= Beginning of Section =
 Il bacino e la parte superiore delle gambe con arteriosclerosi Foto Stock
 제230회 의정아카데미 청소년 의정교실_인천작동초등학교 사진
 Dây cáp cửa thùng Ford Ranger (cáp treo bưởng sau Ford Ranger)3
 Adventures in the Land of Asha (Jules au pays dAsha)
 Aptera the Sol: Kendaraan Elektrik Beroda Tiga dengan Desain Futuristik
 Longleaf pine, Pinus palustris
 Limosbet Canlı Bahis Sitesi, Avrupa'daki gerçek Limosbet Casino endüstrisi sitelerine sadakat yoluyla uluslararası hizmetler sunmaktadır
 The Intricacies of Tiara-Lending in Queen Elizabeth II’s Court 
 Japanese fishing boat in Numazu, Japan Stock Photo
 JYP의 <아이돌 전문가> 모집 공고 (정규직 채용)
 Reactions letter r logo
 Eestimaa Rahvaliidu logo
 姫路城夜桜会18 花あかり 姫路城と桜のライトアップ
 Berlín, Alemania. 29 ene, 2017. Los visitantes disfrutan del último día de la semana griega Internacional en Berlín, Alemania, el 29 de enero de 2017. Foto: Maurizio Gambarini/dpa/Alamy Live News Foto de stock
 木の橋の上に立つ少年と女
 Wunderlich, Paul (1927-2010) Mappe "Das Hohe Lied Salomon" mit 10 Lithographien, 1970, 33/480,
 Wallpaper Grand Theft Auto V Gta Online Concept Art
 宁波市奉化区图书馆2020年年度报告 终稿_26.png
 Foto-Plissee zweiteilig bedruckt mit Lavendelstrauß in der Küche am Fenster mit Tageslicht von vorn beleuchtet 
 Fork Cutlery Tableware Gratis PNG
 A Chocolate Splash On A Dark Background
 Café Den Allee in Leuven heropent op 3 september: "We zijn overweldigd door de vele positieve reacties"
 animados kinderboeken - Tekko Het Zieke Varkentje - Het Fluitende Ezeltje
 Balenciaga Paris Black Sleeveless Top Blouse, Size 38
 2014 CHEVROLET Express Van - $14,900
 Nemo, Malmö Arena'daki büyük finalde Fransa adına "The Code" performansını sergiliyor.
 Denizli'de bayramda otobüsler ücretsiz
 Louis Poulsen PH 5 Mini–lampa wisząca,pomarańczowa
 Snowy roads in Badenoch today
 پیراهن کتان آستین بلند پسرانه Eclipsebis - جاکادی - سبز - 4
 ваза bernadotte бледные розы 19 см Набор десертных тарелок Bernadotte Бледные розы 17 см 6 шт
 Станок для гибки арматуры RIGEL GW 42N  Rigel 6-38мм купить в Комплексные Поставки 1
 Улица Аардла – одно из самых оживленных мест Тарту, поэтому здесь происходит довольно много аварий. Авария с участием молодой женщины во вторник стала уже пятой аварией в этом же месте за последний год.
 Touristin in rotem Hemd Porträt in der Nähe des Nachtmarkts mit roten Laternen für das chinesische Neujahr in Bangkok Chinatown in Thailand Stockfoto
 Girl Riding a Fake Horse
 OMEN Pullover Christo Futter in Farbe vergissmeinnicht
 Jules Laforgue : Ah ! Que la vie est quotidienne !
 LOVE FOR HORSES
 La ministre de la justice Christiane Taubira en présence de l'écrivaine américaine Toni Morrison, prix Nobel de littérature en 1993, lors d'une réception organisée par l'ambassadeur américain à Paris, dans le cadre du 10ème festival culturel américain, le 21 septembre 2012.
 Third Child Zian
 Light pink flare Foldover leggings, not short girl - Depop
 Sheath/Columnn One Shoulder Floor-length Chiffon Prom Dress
= End of Section =
> WORK TASK
Would you restate the records word for word?

> ANSWER SPACE
 Il bacino e la parte superiore delle gambe con arteriosclerosi Foto Stock
 제230회 의정아카데미 청소년 의정교실_인천작동초등학교 사진
 Dây cáp cửa thùng Ford Ranger (cáp treo bưởng sau Ford Ranger)3
 Adventures in the Land of Asha (Jules au pays dAsha)
 Aptera the Sol: Kendaraan Elektrik Beroda Tiga dengan Desain Futuristik
 Longleaf pine, Pinus palustris
 Limosbet Canlı Bahis Sitesi, Avrupa'daki gerçek Limosbet Casino endüstrisi sitelerine sadakat yoluyla uluslararası hizmetler sunmaktadır
 The Intricacies of Tiara-Lending in Queen Elizabeth II’s Court 
 Japanese fishing boat in Numazu, Japan Stock Photo
 JYP의 <아이돌 전문가> 모집 공고 (정규직 채용)
 Reactions letter r logo
 Eestimaa Rahvaliidu logo
 姫路城夜桜会18 花あかり 姫路城と桜のライトアップ
 Berlín, Alemania. 29 ene, 2017. Los visitantes disfrutan del último día de la semana griega Internacional en Berlín, Alemania, el 29 de enero de 2017. Foto: Maurizio Gambarini/dpa/Alamy Live News Foto de stock
 木の橋の上に立つ少年と女
 Wunderlich, Paul (1927-2010) Mappe "Das Hohe Lied Salomon" mit 10 Lithographien, 1970, 33/480,
 Wallpaper Grand Theft Auto V Gta Online Concept Art
 宁波市奉化区图书馆2020年年度报告 终稿_26.png
 Foto-Plissee zweiteilig bedruckt mit Lavendelstrauß in der Küche am Fenster mit Tageslicht von vorn beleuchtet 
 Fork Cutlery Tableware Gratis PNG
 A Chocolate Splash On A Dark Background
 Café Den Allee in Leuven heropent op 3 september: "We zijn overweldigd door de vele positieve reacties"
 animados kinderboeken - Tekko Het Zieke Varkentje - Het Fluitende Ezeltje
 Balenciaga Paris Black Sleeveless Top Blouse, Size 38
 2014 CHEVROLET Express Van - $14,900
 Nemo, Malmö Arena'daki büyük finalde Fransa adına "The Code" performansını sergiliyor.
 Denizli'de bayramda otobüsler ücretsiz
 Louis Poulsen PH 5 Mini–lampa wisząca,pomarańczowa
 Snowy roads in Badenoch today
 پیراهن کتان آستین بلند پسرانه Eclipsebis - جاکادی - سبز - 4
 ваза bernadotte бледные розы 19 см Набор десертных тарелок Bernadotte Бледные розы 17 см 6 шт
 Станок для гибки арматуры RIGEL GW 42N  Rigel 6-38мм купить в Комплексные Поставки 1
 Улица Аардла – одно из самых оживленных мест Тарту, поэтому здесь происходит довольно много аварий. Авария с участием молодой женщины во вторник стала уже пятой аварией в этом же месте за последний год.
 Touristin in rotem Hemd Porträt in der Nähe des Nachtmarkts mit roten Laternen für das chinesische Neujahr in Bangkok Chinatown in Thailand Stockfoto
 Girl Riding a Fake Horse
 OMEN Pullover Christo Futter in Farbe vergissmeinnicht
 Jules Laforgue : Ah ! Que la vie est quotidienne !
 LOVE FOR HORSES
 La ministre de la justice Christiane Taubira en présence de l'écrivaine américaine Toni Morrison, prix Nobel de littérature en 1993, lors d'une réception organisée par l'ambassadeur américain à Paris, dans le cadre du 10ème festival culturel américain, le 21 septembre 2012.
 Third Child Zian
 Light pink flare Foldover leggings, not short girl - Depop
 Sheath/Columnn One Shoulder Floor-length Chiffon Prom Dress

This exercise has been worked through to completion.